O mais-que-perfeito sempre se refere a um momento passado claramente delimitado em relação a outro momento passado também claramente delimitado.

O pretérito perfeito se refere a um momento ou período de tempo inteiramente considerado no passado.

O pretérito imperfeito descreve uma ação/estado prolongado no passado. Seu uso na frase que você deu se justifica por ser um caso de discurso indireto (_reported speech_). Em orações em que o passado se liga ao presente, introduzidas por expressões como _"há tempo que", "desde que", etc,_ o verbo no presente já traz a idéia de continuidade desde o passado, que em inglês seria expressa pelo _present perfect_. No discurso indireto, em que essa idéia de continuidade é deslocada para o passado, a passagem desse verbo para o pretérito imperfeito é natural, já que é justamente essa a função do imperfeito: expressar um passado contínuo, prolongado.

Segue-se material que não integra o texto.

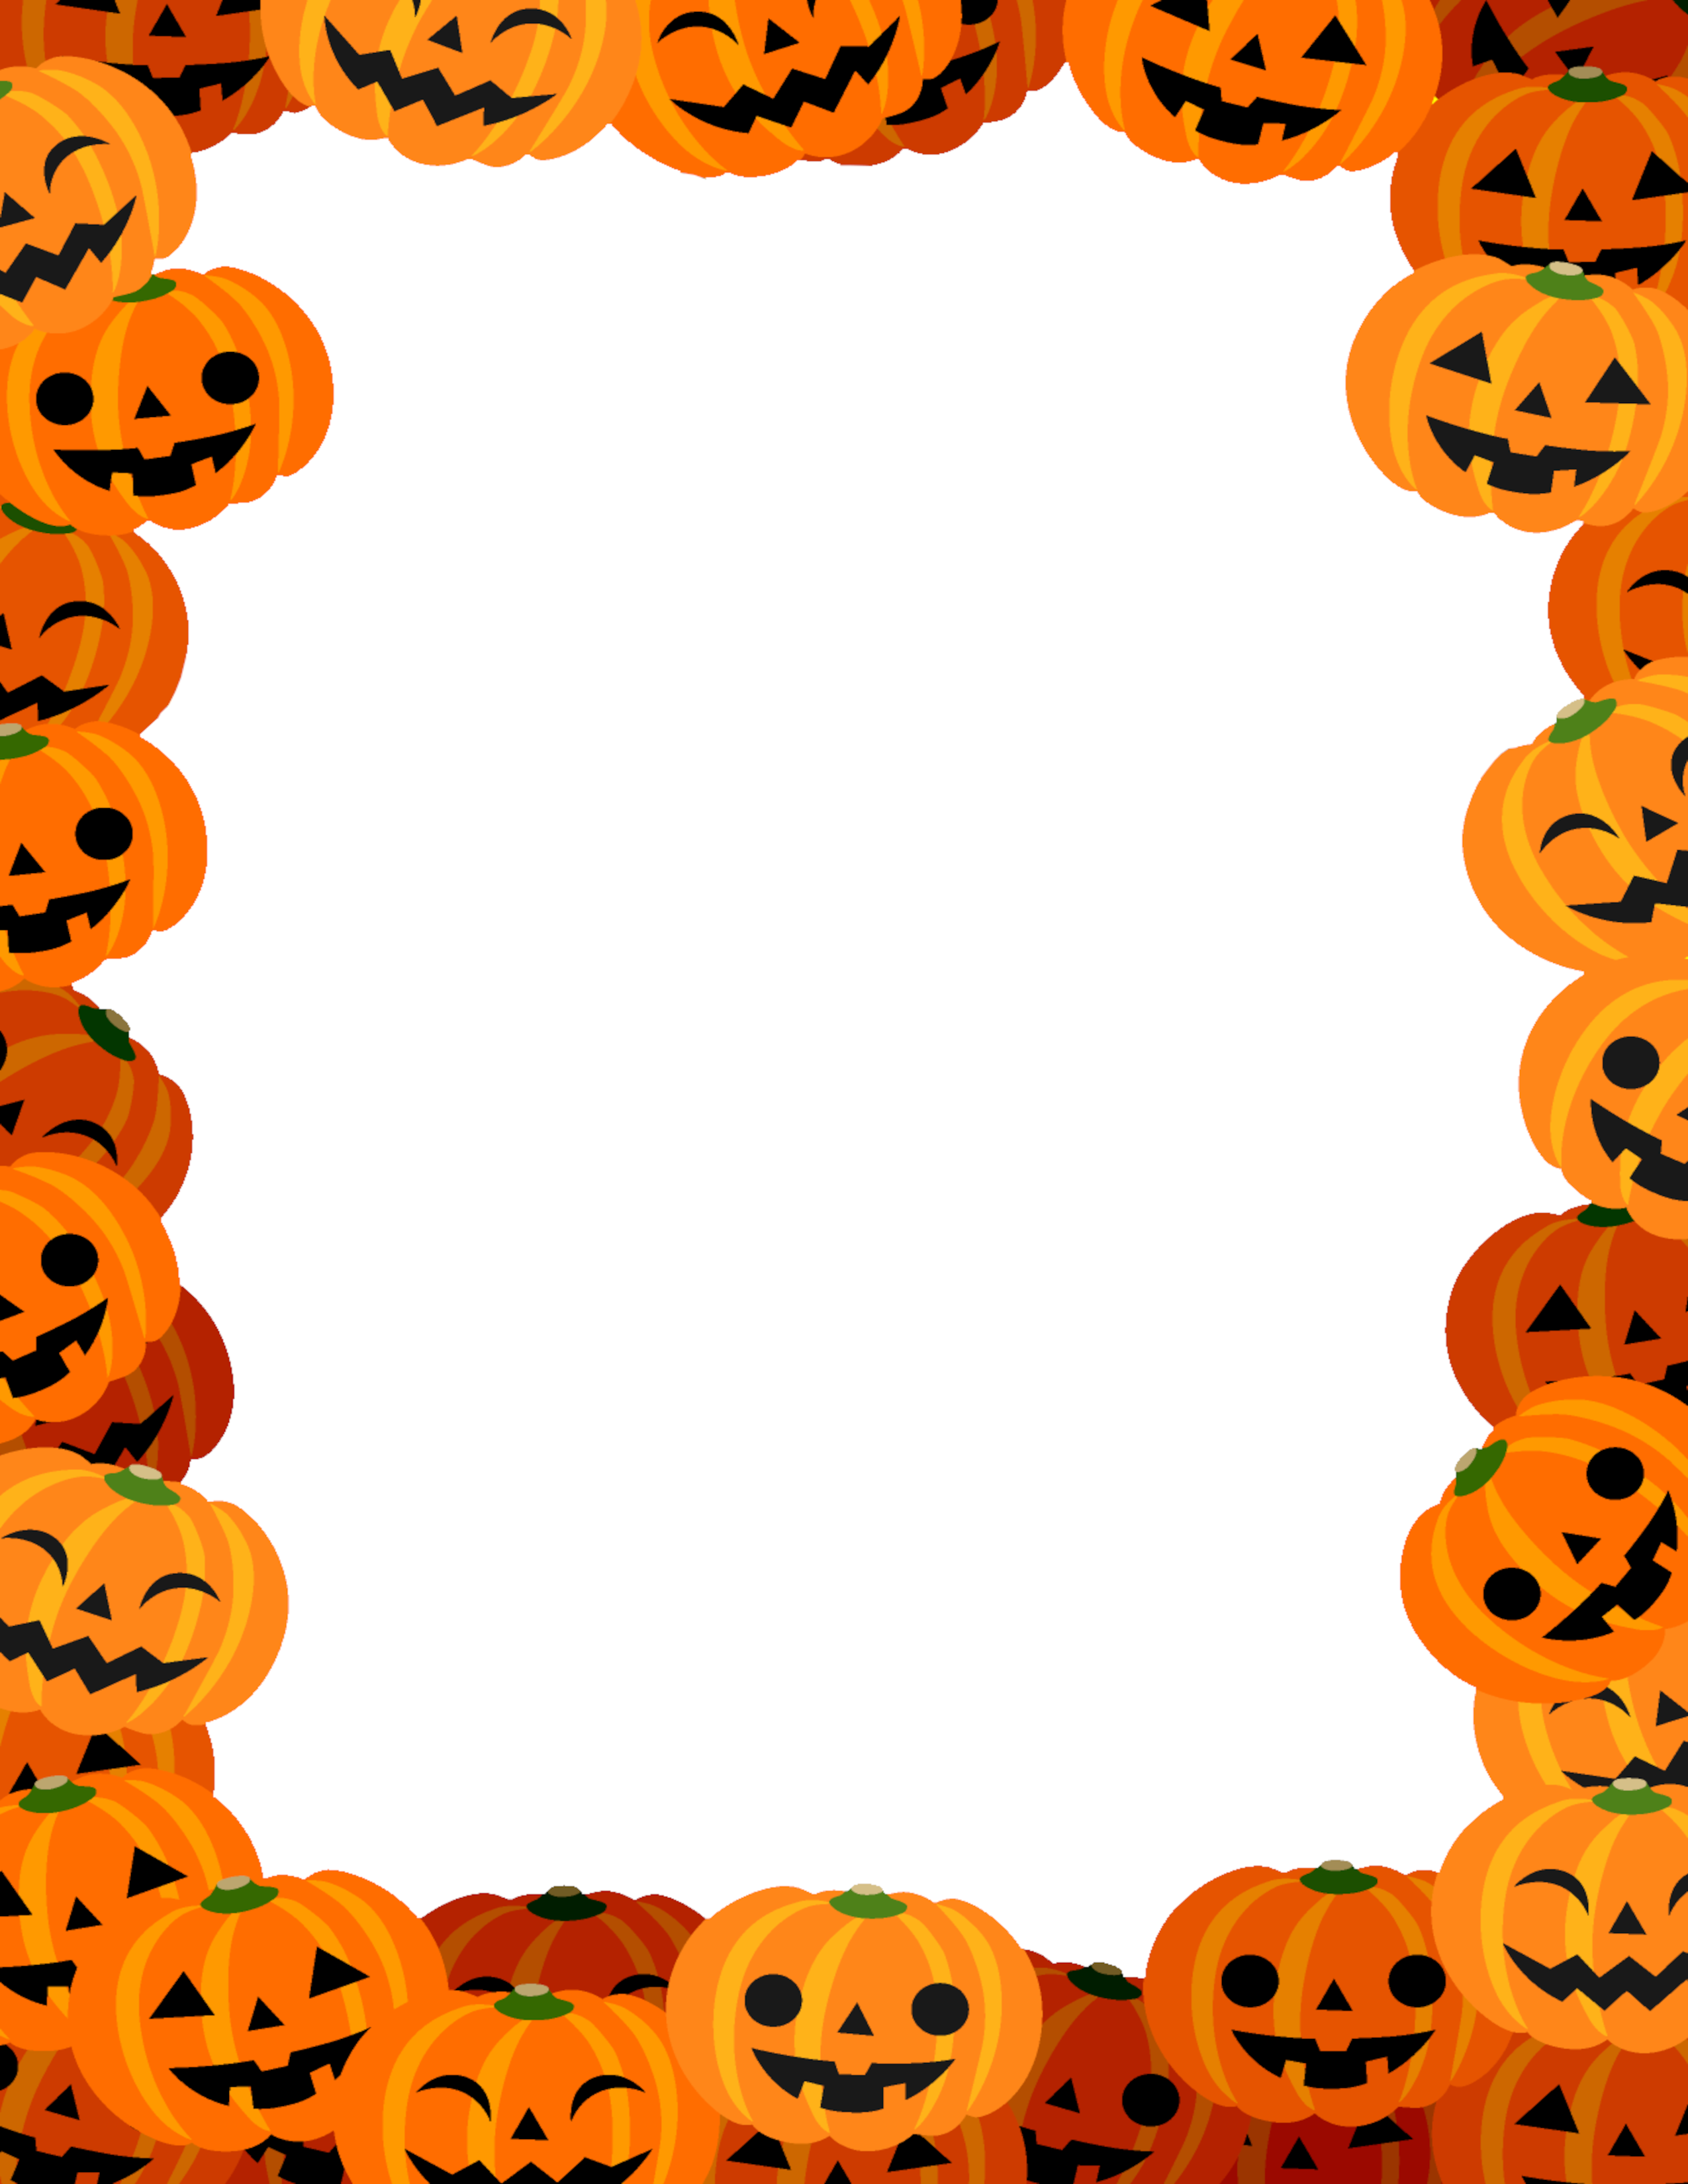 Halloween pumpkin border 2

_Desde_ criança eu _tenho_ vontade de pilotar aviões. 
Eu comecei a pilotar aos 25 anos. _Desde_ criança eu _tinha_ essa vontade.

Eu espero que isso ajude em alguma coisa.

Ah, e seu português já é muito bom


----------



## almufadado

Carfer said:


> Não digo que não, na realidade nunca tinha dado atenção a esse pormenor até ao momento em que o dec-sev fez a pergunta. Não obstante, a construção _'*que te não via' *_não só me soa perfeitamente bem como ia jurar que ainda está bastante difundida. Assim de memória e de repente, só me ocorre aquele poema do Augusto Gil, no qual, referindo-se à neve, diz _'Há quanto tempo a não via'._ Bem sei que o Augusto Gil já morreu há muitos anos e que a construção não usa o '_te_' mas em termos de colocação pronominal é a mesma.



Concordo com o Carfer !

No entanto, ambas as formas estão em uso !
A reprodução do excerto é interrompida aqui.